California's Central Valley Economy in Perspective

Last Tuesday's Investor's Business Daily ran a sensational editorial on the City of Fresno, in California's Central Valley, "Fresno, Zimbabwe." The piece argues that environmental policies are transforming Fresno, long the heart of the world's agricultural breadbasket, into another "Zimbabwe or 1930s Ukraine." That piece has been picked up by Ed Morrissey at Hot, in two consecutive essays: "California’s Central Valley: Zimbabwe West?", and "The Valley That Jobs Forgot." And Ed argues, at the latter essay, that "the decision by a federal judge to cut off water supplies to an area that literally fed the world turned the Central Valley from an agricultural export powerhouse to a center of starvation within two years."

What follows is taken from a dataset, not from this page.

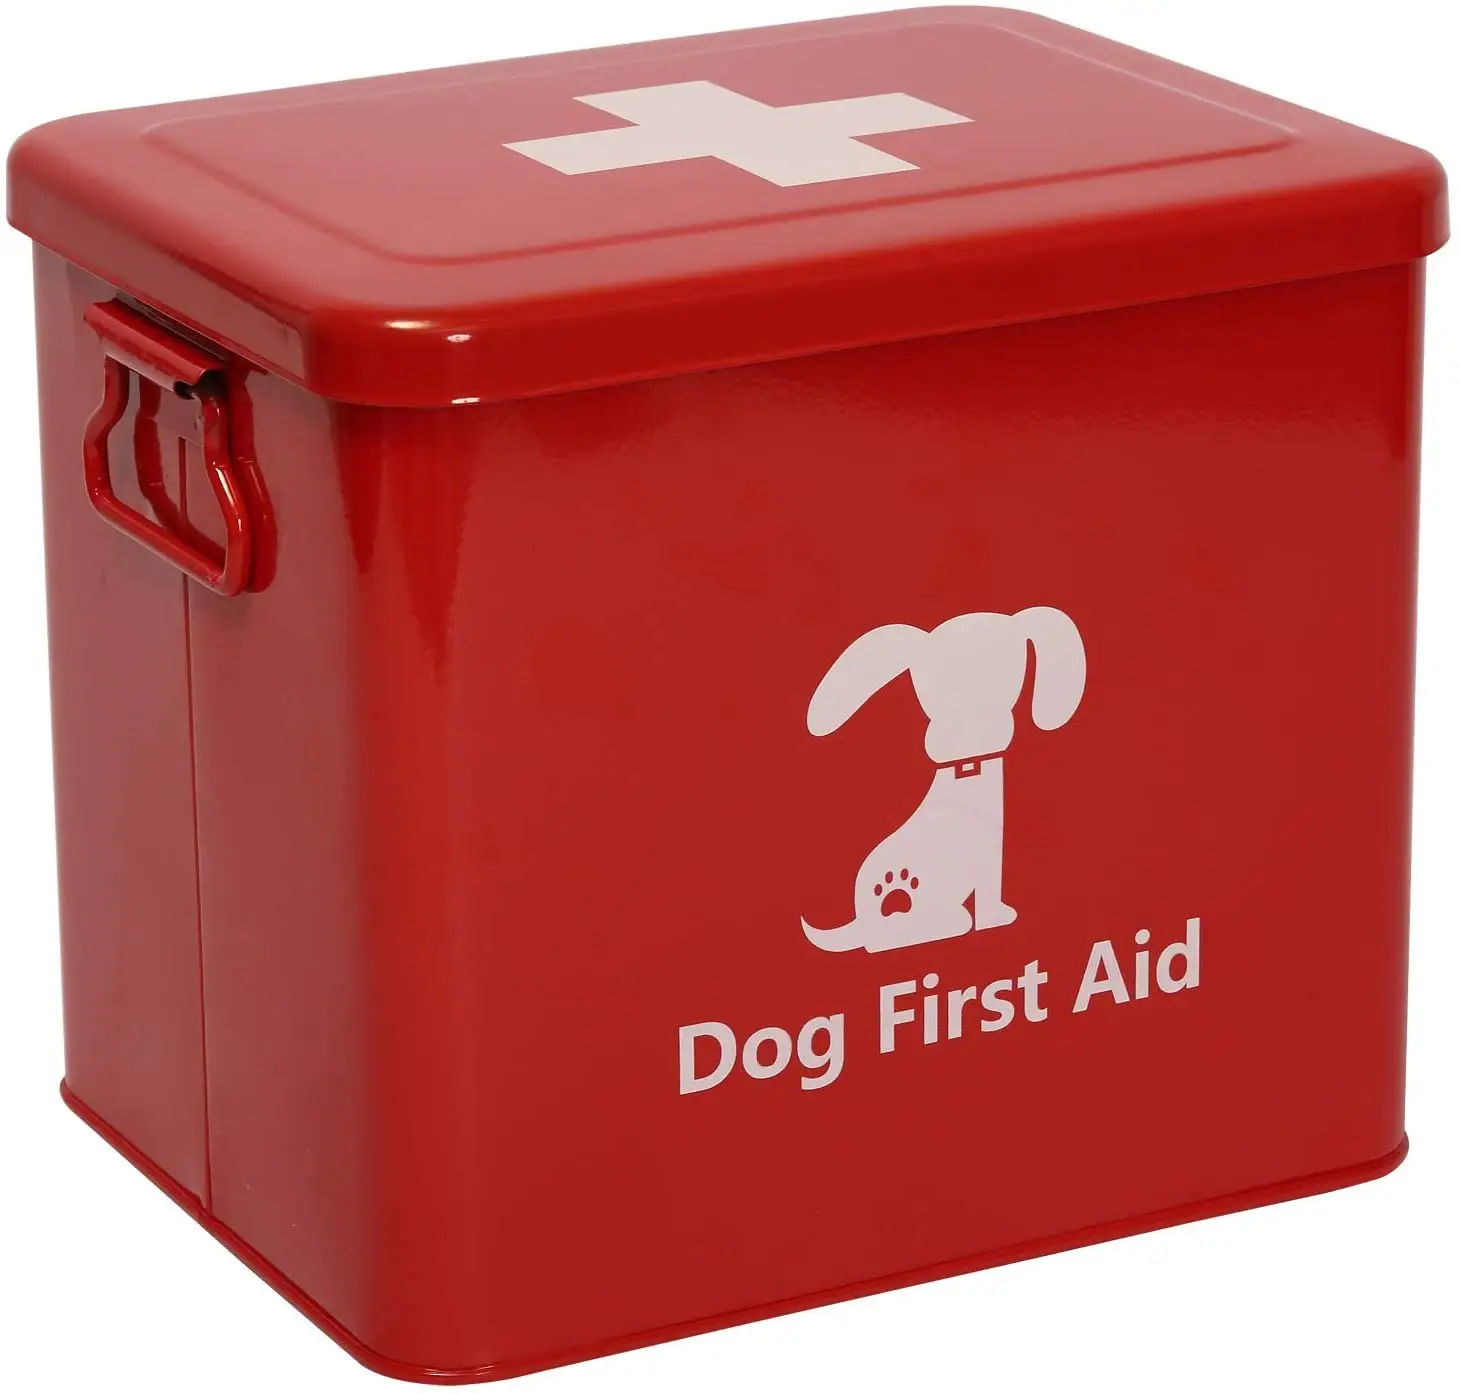 ชุดปฐมพยาบาลโลหะติดผนังสีแดงสำหรับสุนัขสัตว์เลี้ยงดูแล
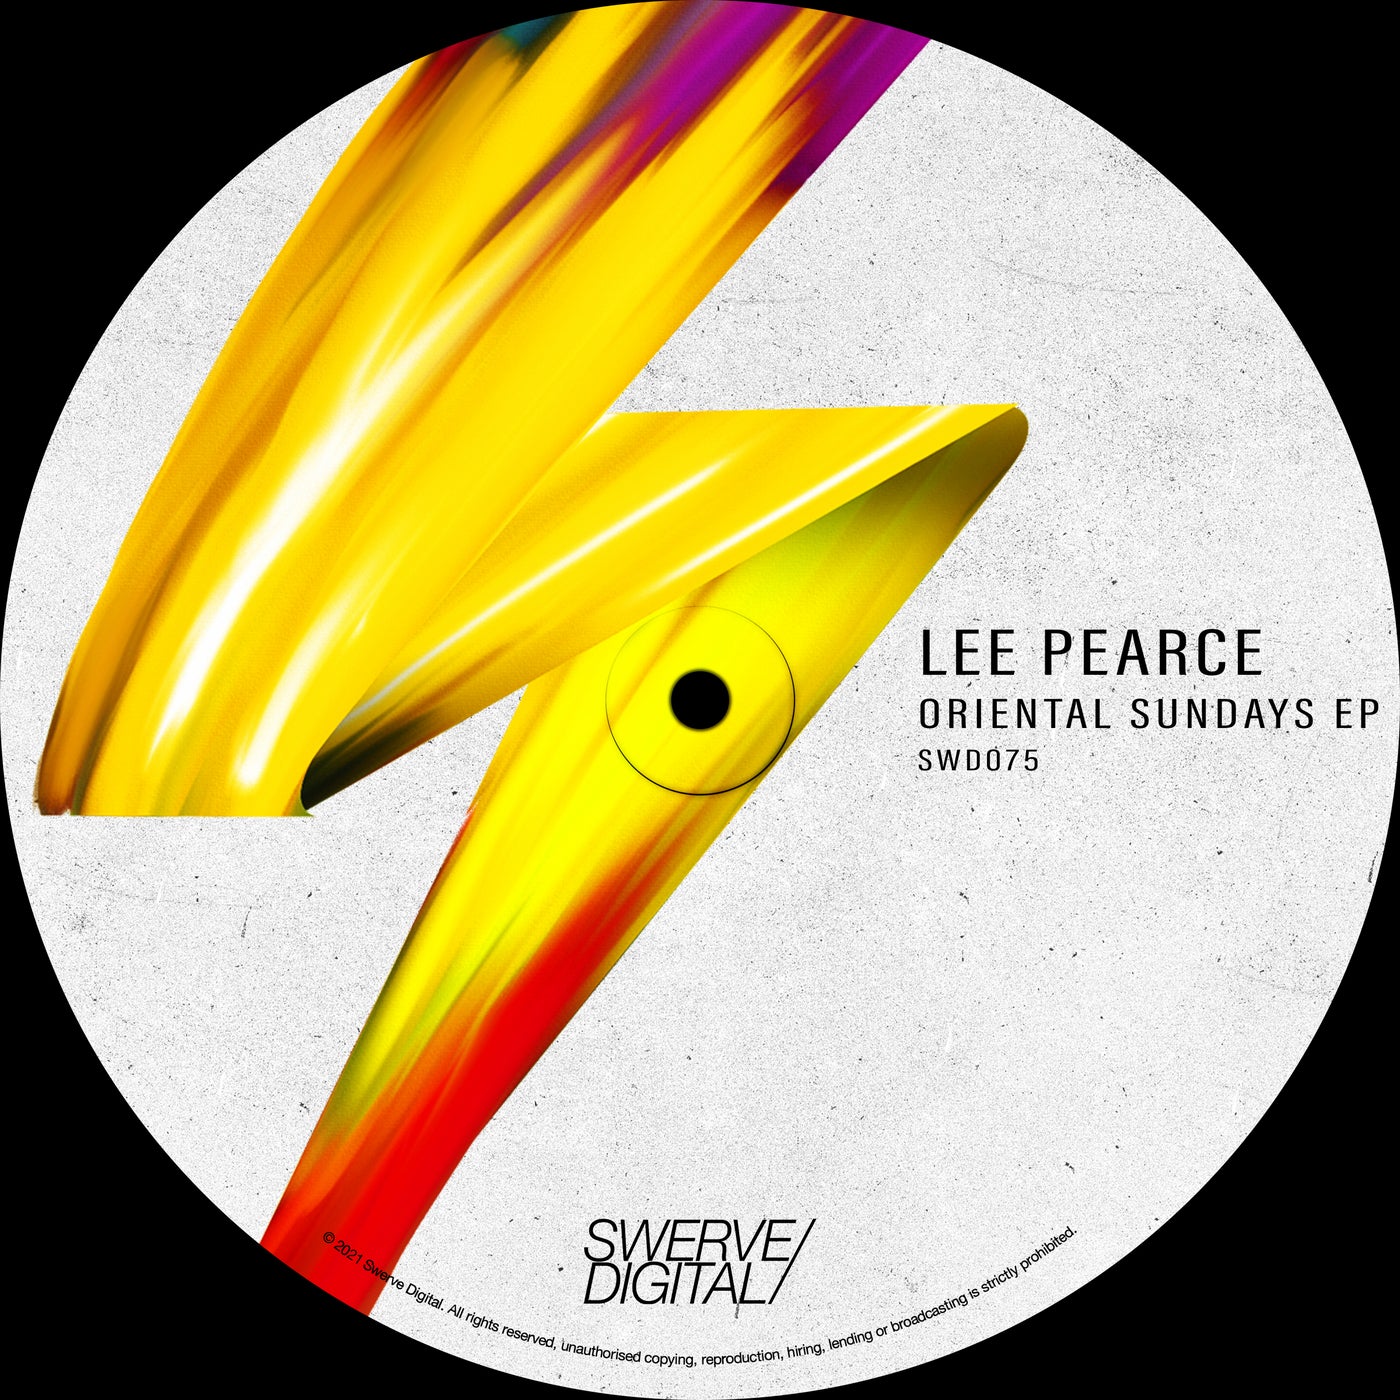 Lee Pearce – Oriental Sundays EP [SWD075]

Well, not exactly. I graduated from Fresno State in 1992. During my years there the region was devastated by high unemployment, especially following the 1990 recession. I also taught at Fresno State in 2000, my first job out of graduate school. I recall seeing a report on ABC World News Tonight from downtown Fresno, on New Year's Day 2000 (or the day before), describing the local economy like a throwback to the Great Depression. Indeed, the fact of double-digit unemployment and poverty are a way of life there, and have been so
for decades:
Fresno's unemployment rate is 2.5 times greater than any other California city its size. But then again, high unemployment is nothing new to the Central Valley. Like summer days over the century mark, we have grown accustomed to double-digit unemployment. In the year 2004 alone, more than 12 percent of our fellow Fresnans were out of work. The impact on our quality of life and morale is virtually immeasurable. What is measurable, however, is unemployment's affect on crime.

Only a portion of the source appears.